• [Your objective]: What is needed is an exact reproduction of the lines in the records below, starting at the line with "LAギアのインスタグラム：「LA Gear x" and ending at the line with "Orb Coffee brewing icons", both included, and nothing else; pictures stay out.
-------- Provided records
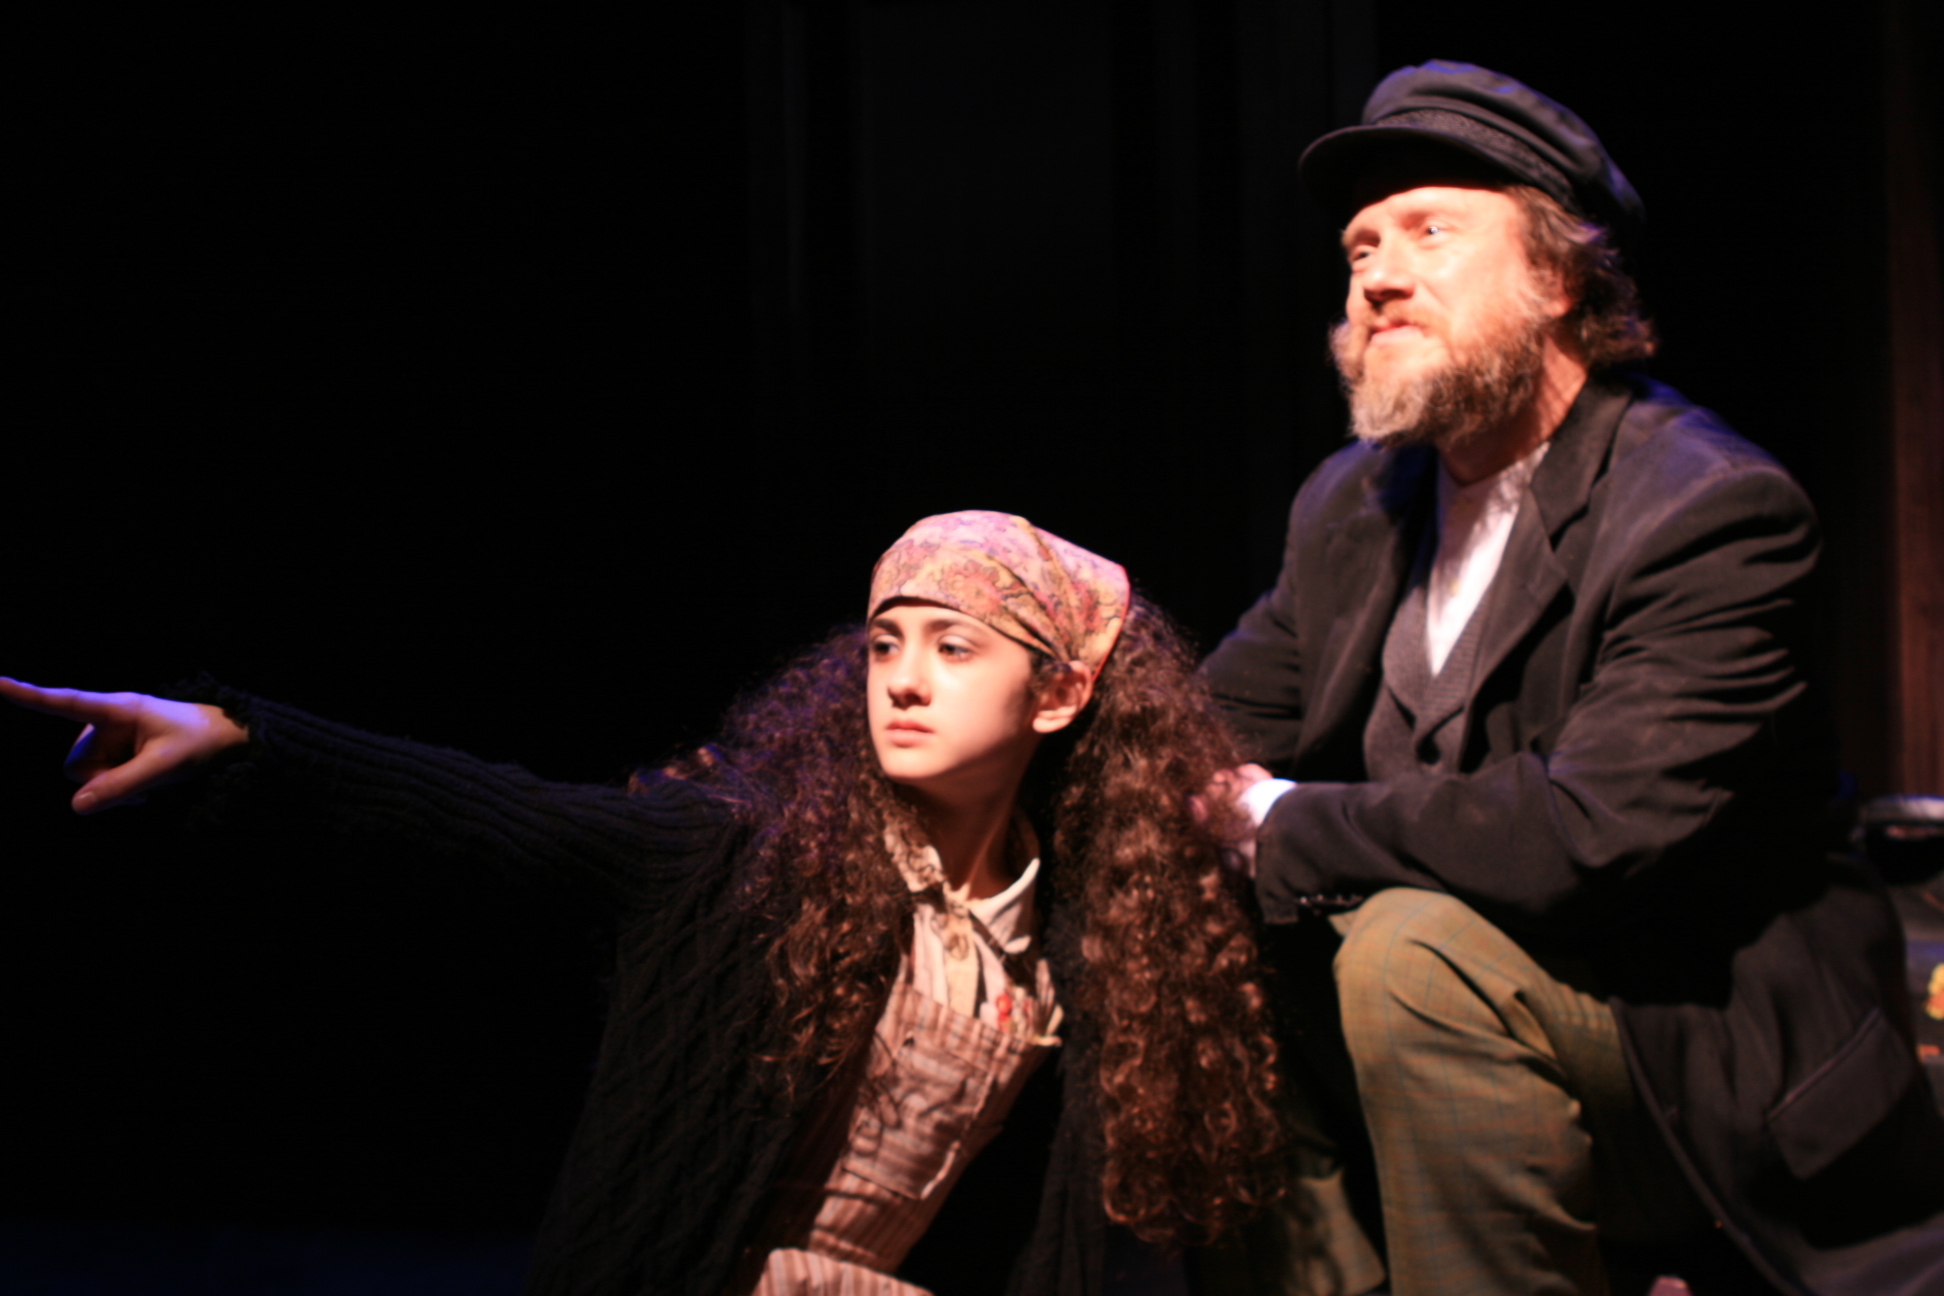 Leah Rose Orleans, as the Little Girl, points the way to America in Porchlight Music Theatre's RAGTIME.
----------------
-------- Provided records
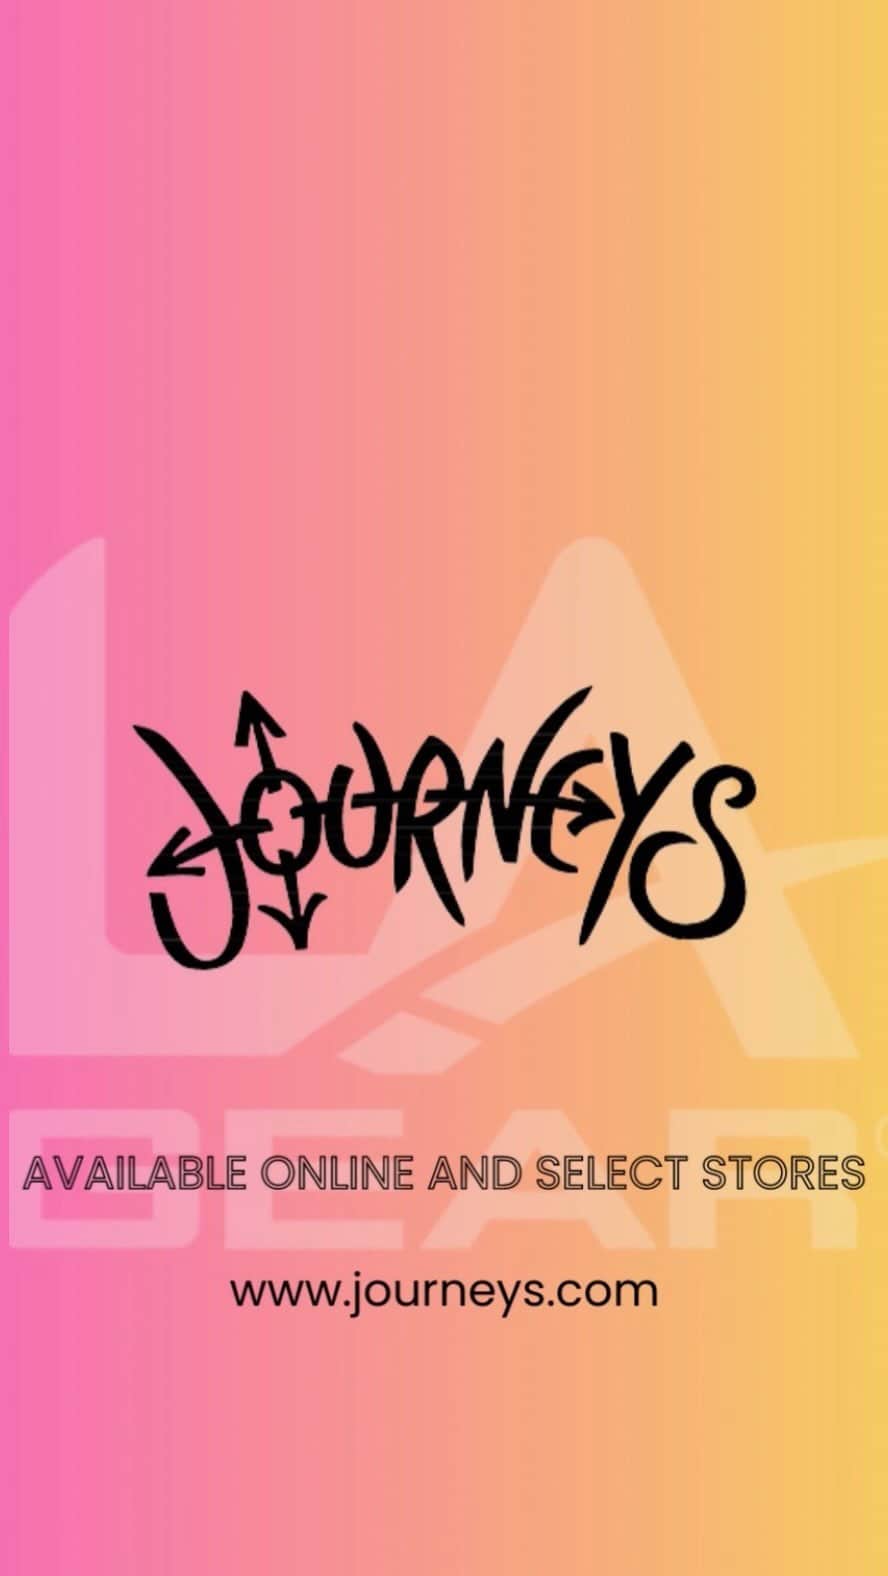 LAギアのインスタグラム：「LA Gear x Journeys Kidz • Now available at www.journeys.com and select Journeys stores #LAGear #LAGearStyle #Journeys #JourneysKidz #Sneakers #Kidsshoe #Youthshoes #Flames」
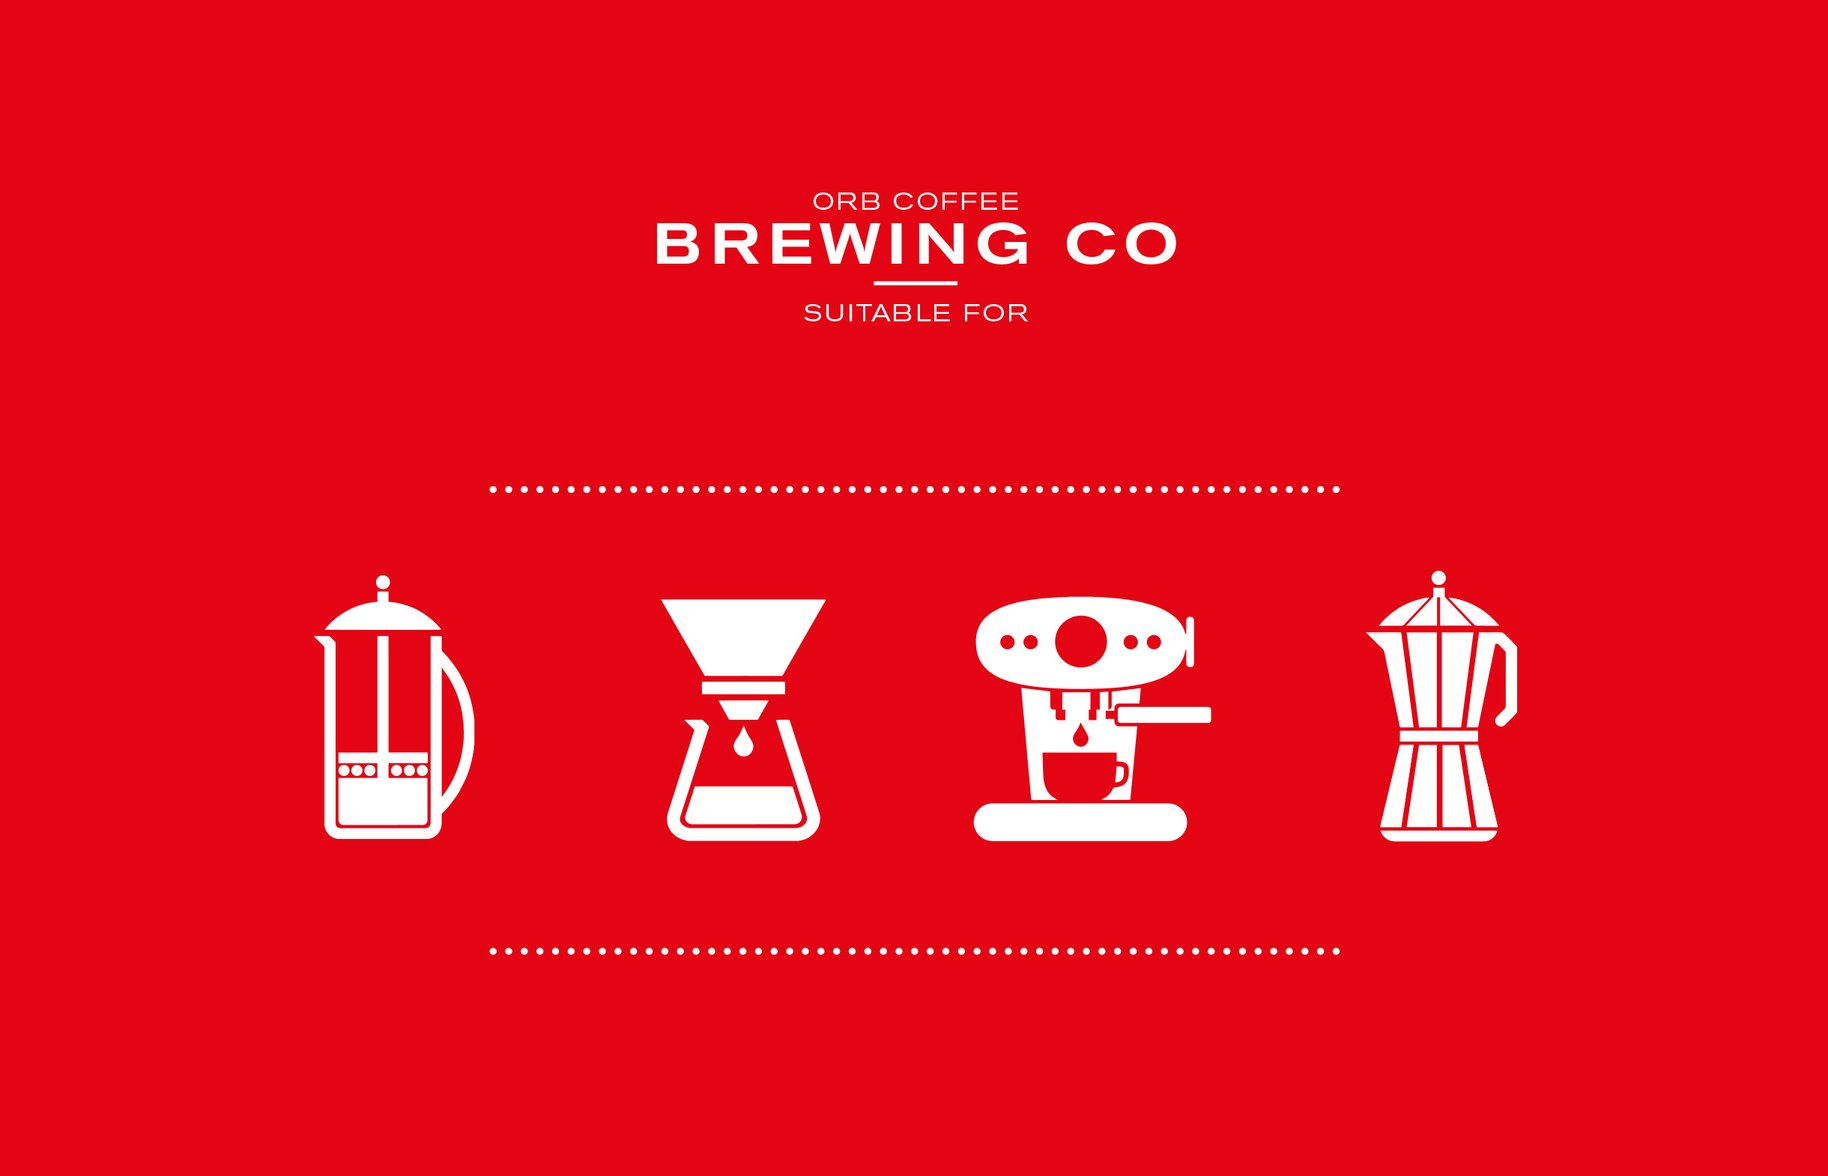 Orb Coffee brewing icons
----------------
• [Exercise solution]:
 LAギアのインスタグラム：「LA Gear x Journeys Kidz • Now available at www.journeys.com and select Journeys stores #LAGear #LAGearStyle #Journeys #JourneysKidz #Sneakers #Kidsshoe #Youthshoes #Flames」
 Orb Coffee brewing icons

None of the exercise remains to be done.